12:05 PM

On Fukushima

Please forgive the radio silence the last few days:  I've been focusing closely on what's happening on Japan, trying to update regularly on Facebook, and also to keep track of what my colleagues and associates are doing related to the earthquake/tsunami/nuclear crisis.

If you are on Facebook, please add the group "Dr. King's Fukushima Power Plant Info Group" to your groups.  Dr. Jeff King is the head of Nuclear Science and Engineering here at CSM, and though he and I sometimes have different perspectives on some of what's happening in Japan, he is an excellent source of technical information on this topic.  He has been widely interviewed by local news sources as well.

For now, let me say that my heart goes out to everyone who is suffering, or who has family or friends suffering, in Japan.  It is heartbreaking to see so many events like these--and those that have occurred in Haiti, Christchurch, Brisbane, Pakistan--happen one after another.  It is a reminder of our common humanity, vulnerability, and strength.

As for what is happening with the nuclear crisis, please keep in mind that we have two blogs in our class devoted to nuclear power:  The Nuke Truth and The Nuclear Option.  Both have posts related to the Fukushima plants.  Columbia Journalism Review also has this piece, related to media coverage of the events.  My own sense of media coverage and science communication tracks closely with Brainard's.

I will say that there is much we don't know yet about the repercussions of what is happening in Japan, both in terms of the tsunami/earthquake recovery and in terms of what the long-term repercussions of the nuclear crisis will be.  There are a wide array of conflicting reports about the state of the reactors, with several respected nuclear sources taking a conservative view (that damage is fairly well controlled, that radiation releases will cause limited harm, etc.) and those wary of nuclear seeing this as indicative of continued over-confidence in the safety of nuclear as an energy source.  These are both ideological stances that can be supported with data, and yet the data we have for now is unclear and contested.  Data provided by the World Nuclear Society and the Japan Atomic Industrial Forum, along with the American Nuclear Society, suggest things are moving in a positive direction, and remind us that this is quite a different event from Chernobyl, for a number of reasons.  The reactions of others, including the US government, some Japanese, and reporters on the ground, suggest that things are still in a complex state of uncertainty.

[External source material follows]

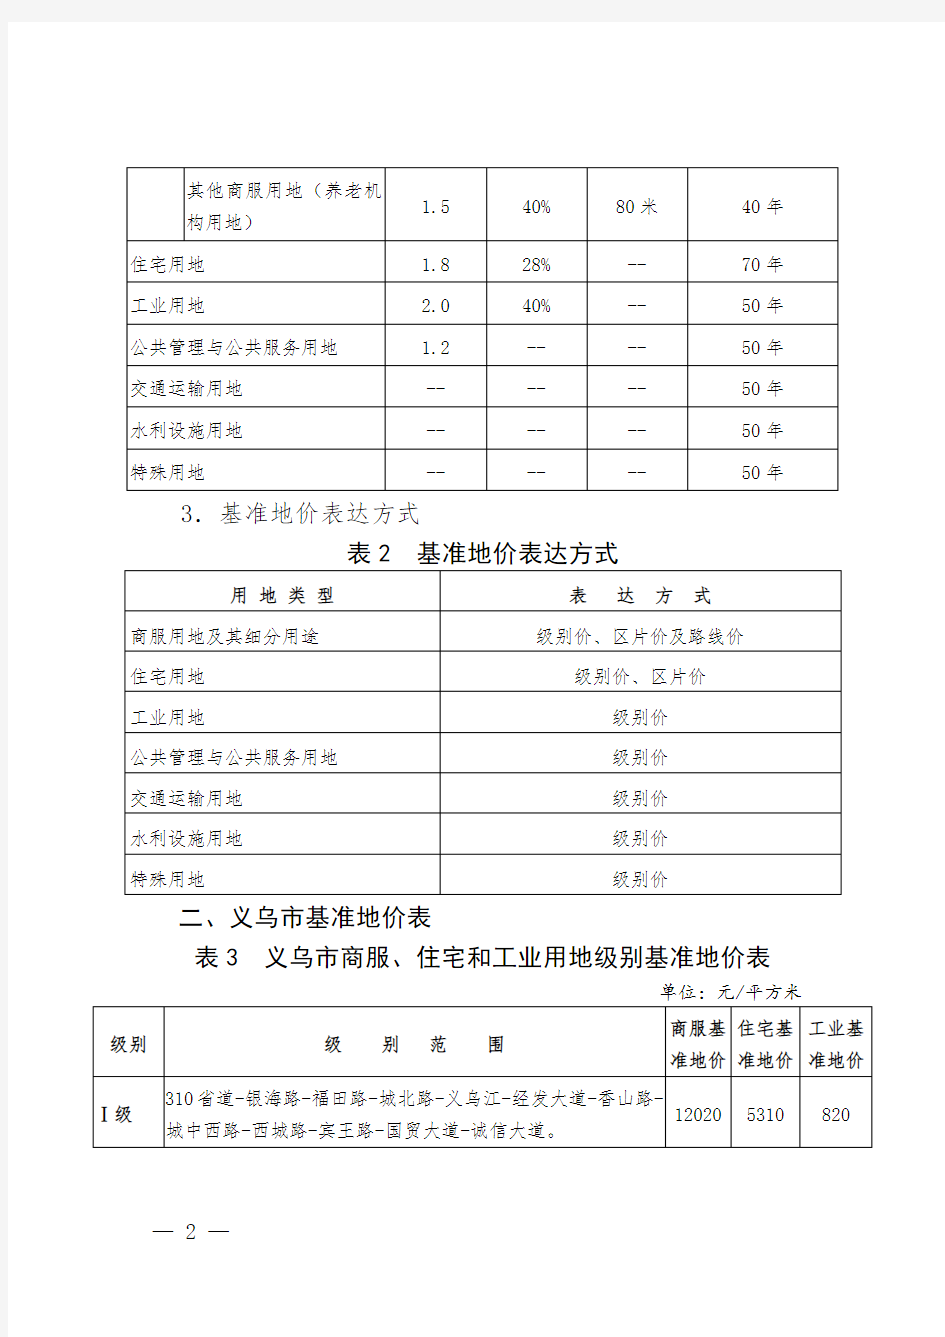 义乌市2015年基准地价一览表-附件
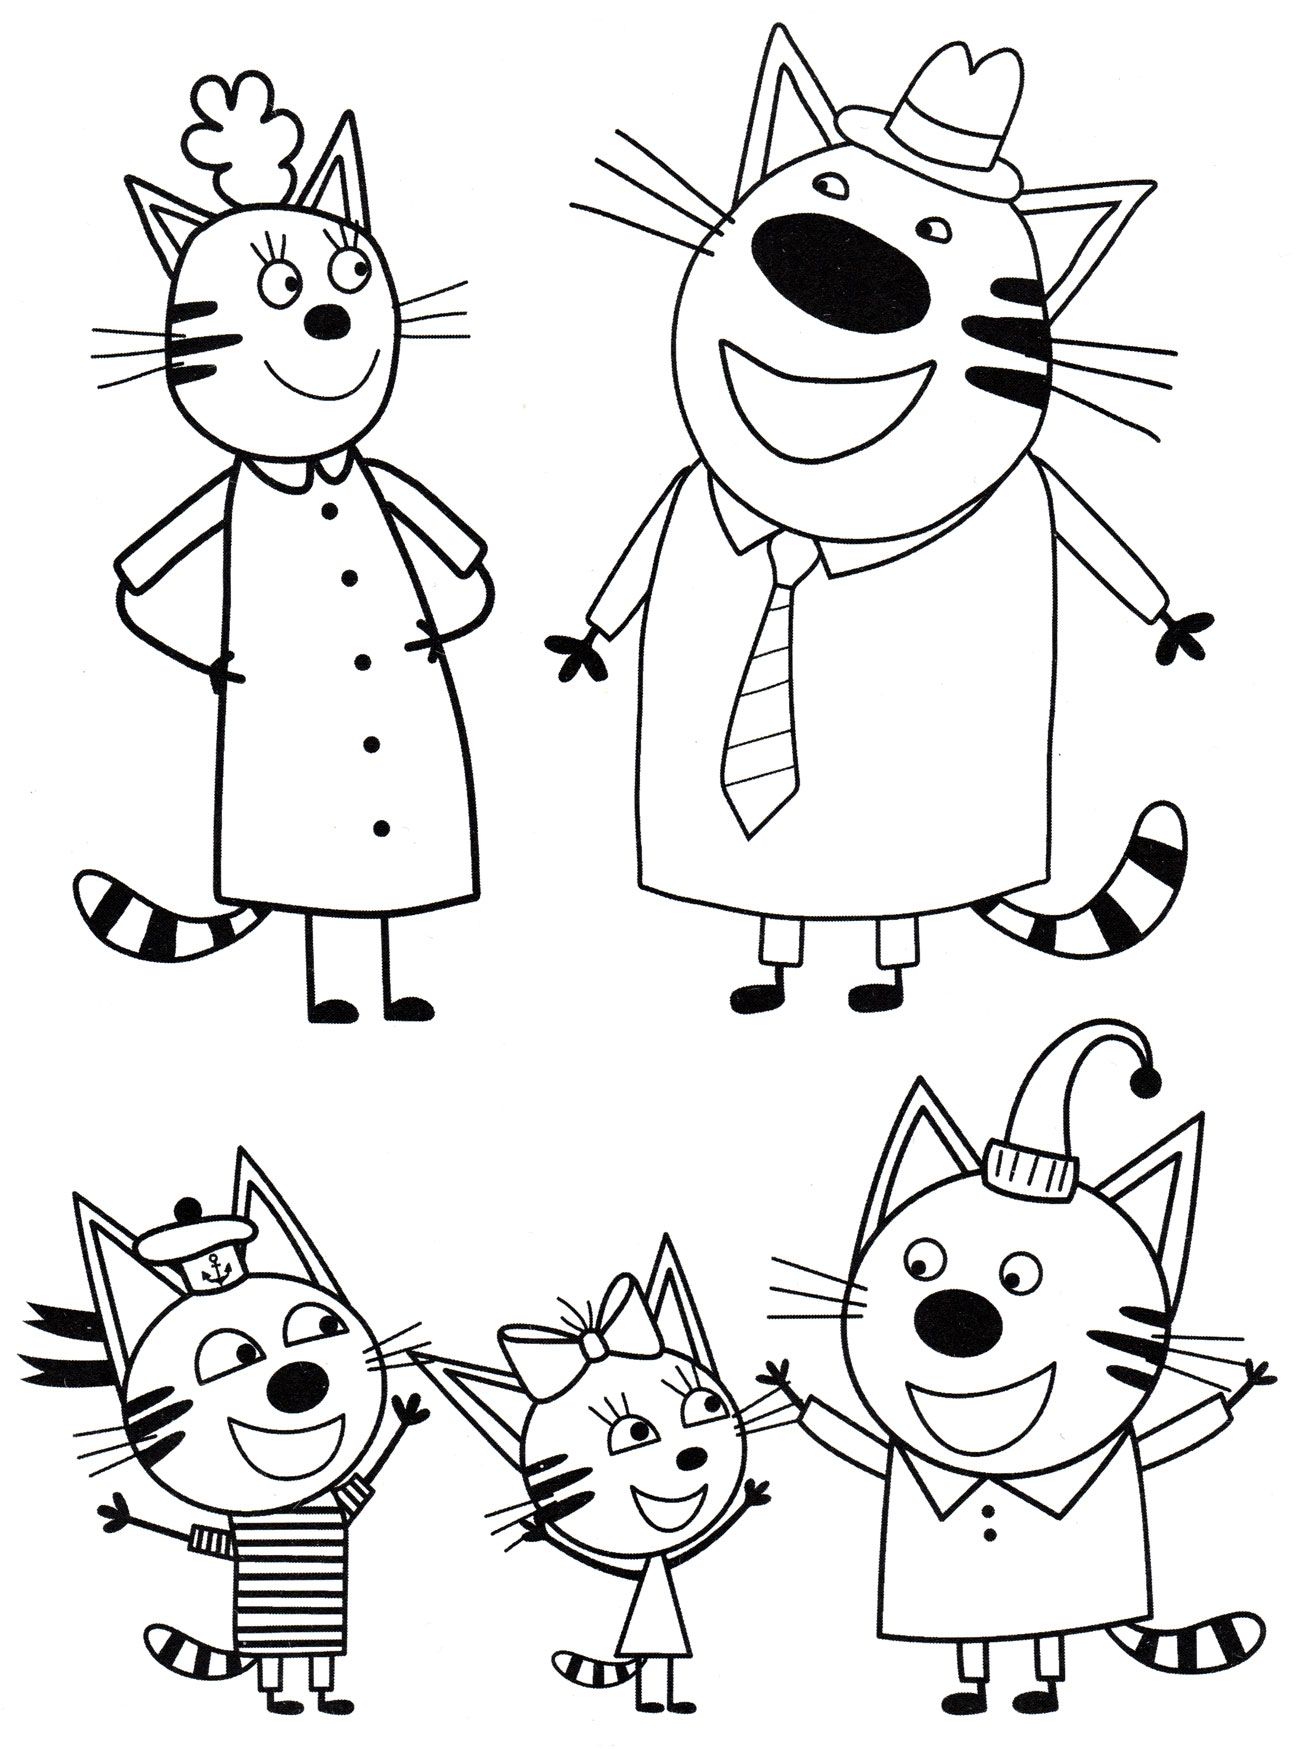 Как нарисовать 3 кота из мультика

At this point, we will wait and see what the literal and figurative fallout will be.  I'm not sure there will be a huge pushback against nuclear, the way there was after Three Mile Island, because of the threat of global warming and rising energy needs.  But those who had been tentatively willing to give nuclear a chance because of global warming fears may be less likely to do so now.  Much depends on these next few days, and what happens at the Fukushima plants.  My hope is that there is good news.  Most likely, we will not know what really is happening for some time to come.